Her mouth opens, then closes.
Good.
I step back, giving the room air again. “Where’s the note?”
“Desk drawer.”
“Show me.”
She hesitates a beat, then crosses to the small desk by the window and pulls the folded paper from the top drawer. She holds it out.
I take it without letting our fingers touch.
The words are blunt. Heavy marker. Pressed hard enough to leave grooves.
YOU DON’T BELONG HERE.
I fold it once more and slip it into my pocket.
“I need the timeline on everything,” I say. “Start with the card.”
She exhales, clearly hating all of this, and gives it to me anyway. The missing SD card. The first note. Today at the trail.
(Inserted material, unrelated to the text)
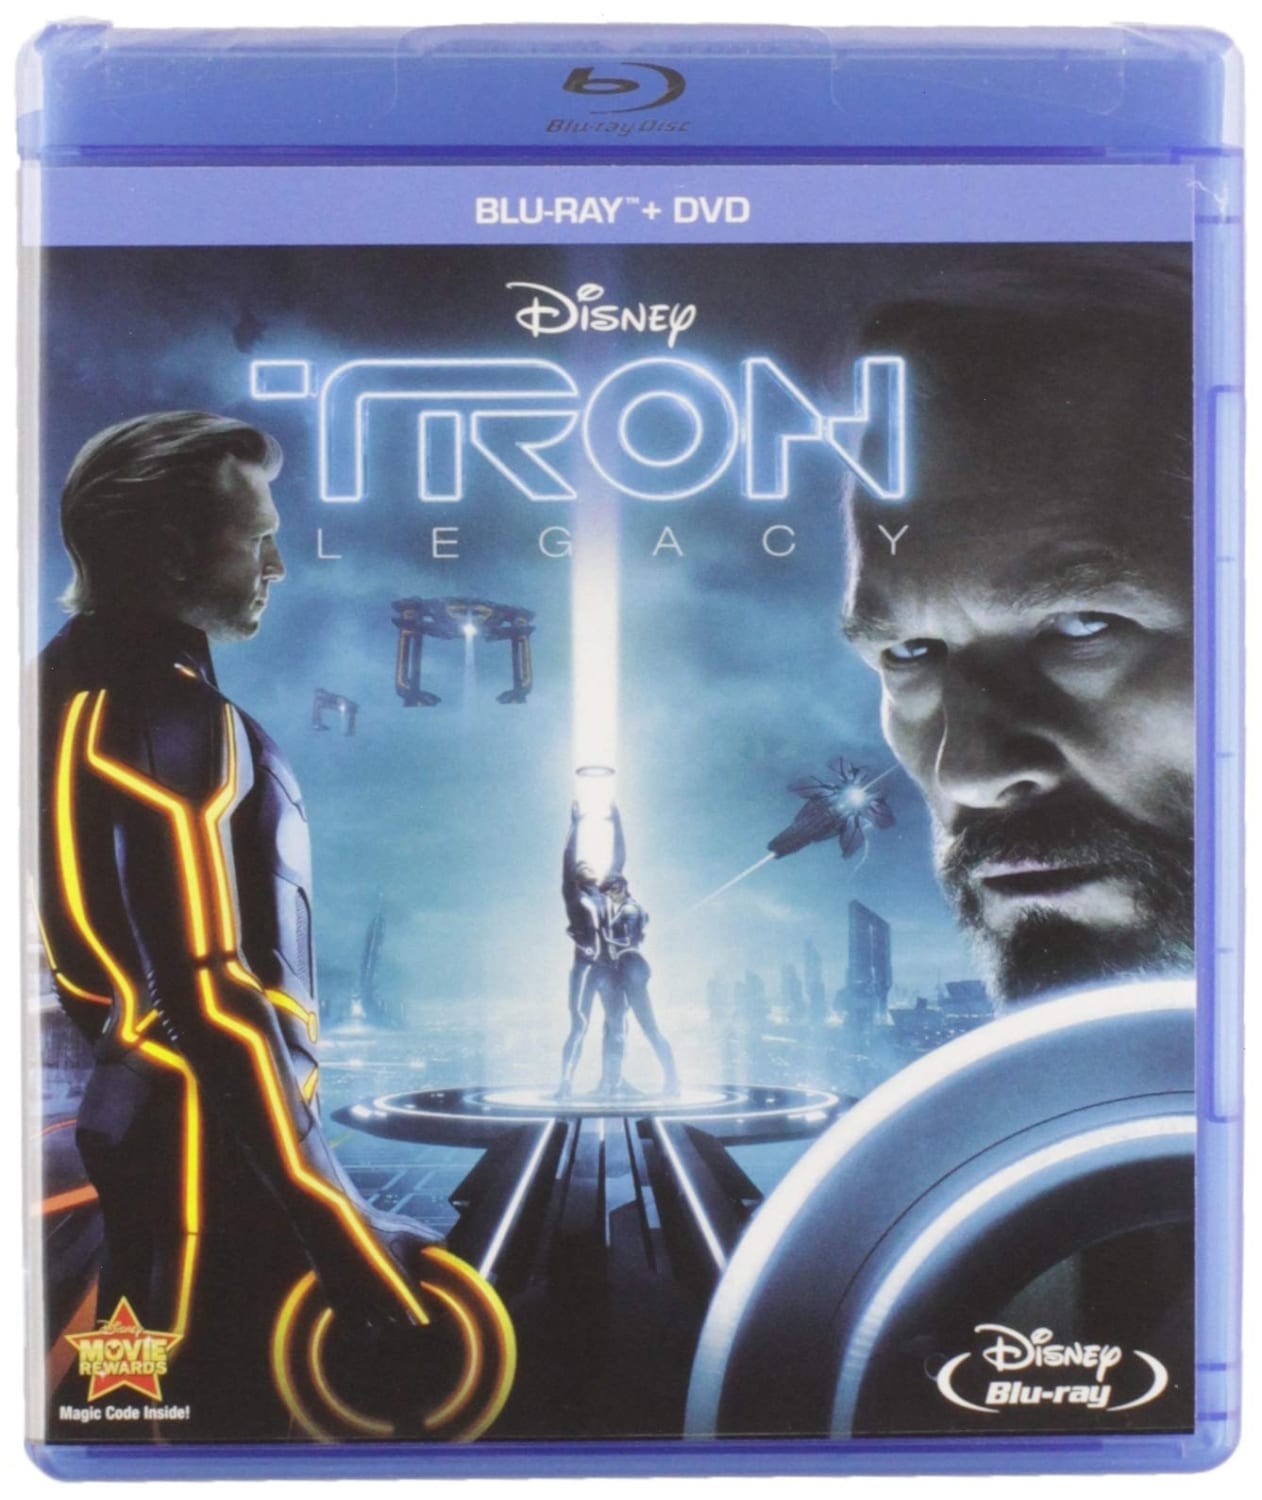 Tron: Legacy (Blu-ray / DVD) on MovieShack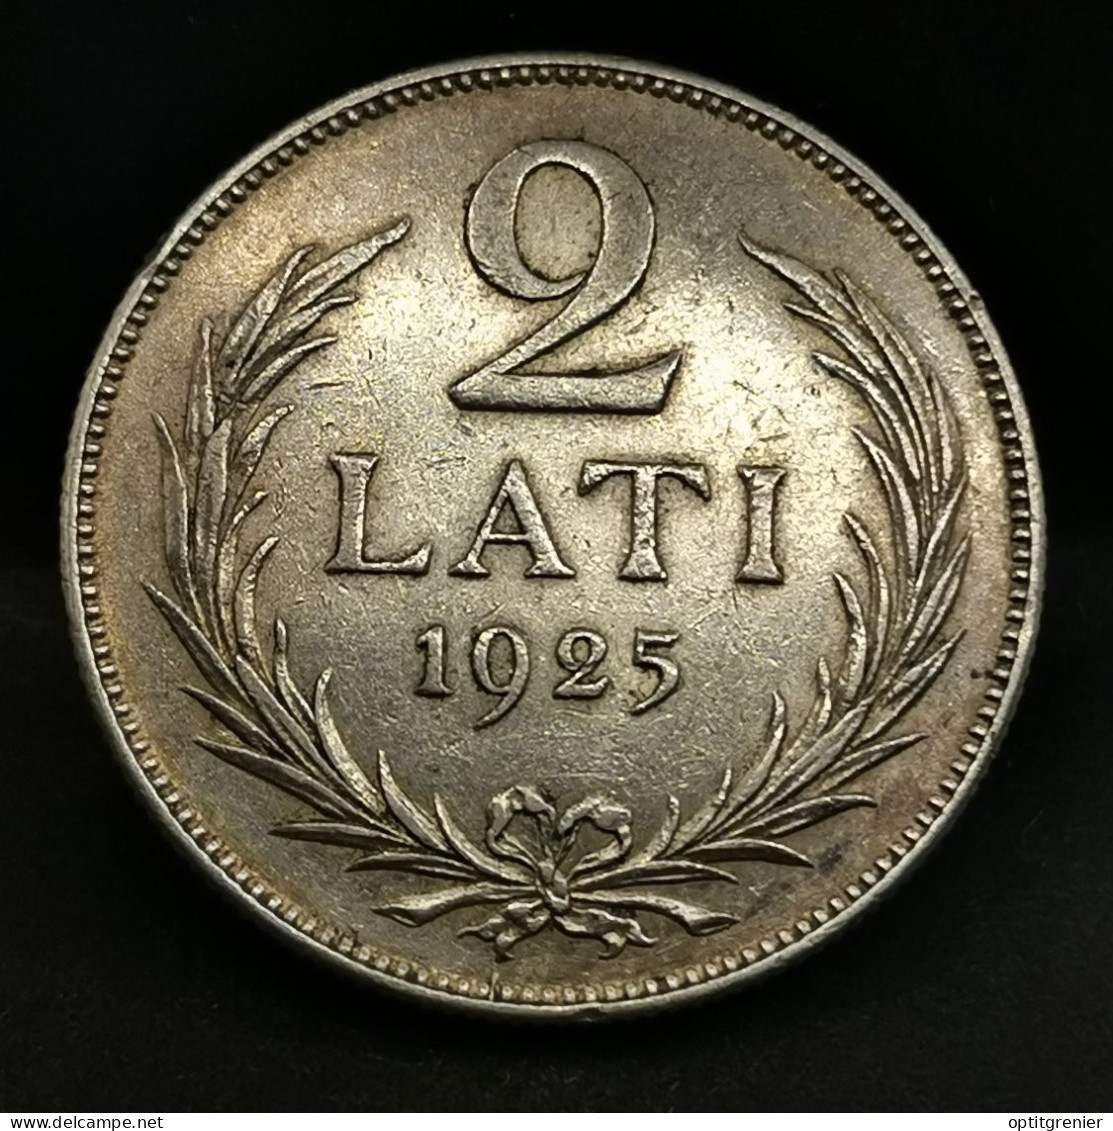 2 LATI 1925 ARGENT LETTONIE / SILVER - Letland

The shape in the trees.
The fact that she caught a blurred shot before whoever it was disappeared.
That gets my attention. “You have the photo?”
“I haven’t printed it yet.”
“Do that first, while I sort this out,” I say. “And for now, I’d feel better if you didn’t go out alone.”
Her stare steels. “No.”
“Yes.”
“Absolutely not.”
“I’m trying to keep you safe.”
She’s standing there with her hair half falling loose, anger bright in her face, shoulders squared against me because I’m a problem she refuses to yield to, and the worst part is that some deeply inconvenient me part of me admires her more every time she does it.
That’s not useful right now, so I lock it down where it belongs.
“What would you propose instead?” I ask.
She narrows her eyes, thrown by the question.
Good.
“I keep working,” she says after a beat. “I tell you if something happens again. I stay aware. I don’t stop living my life because someone wants to scare me.”
“Not enough.”
“It’s what you’re getting. If I want to leave, I will, but I’ll always tell someone where I’m going.”
The old pressure returns between my shoulder blades. Decision. Obligation. Action.
I reach for the doorknob, then pause before I open it.
“You keep me informed,” I say.
Her eyes narrow. “And you don’t lock me in a tower?”
“I don’t own a tower.”
“Silas.”
I exhale. “No escorts unless we decide it’s necessary.”
She studies me carefully. “And I keep working.”
“You were always going to keep working. I know that.”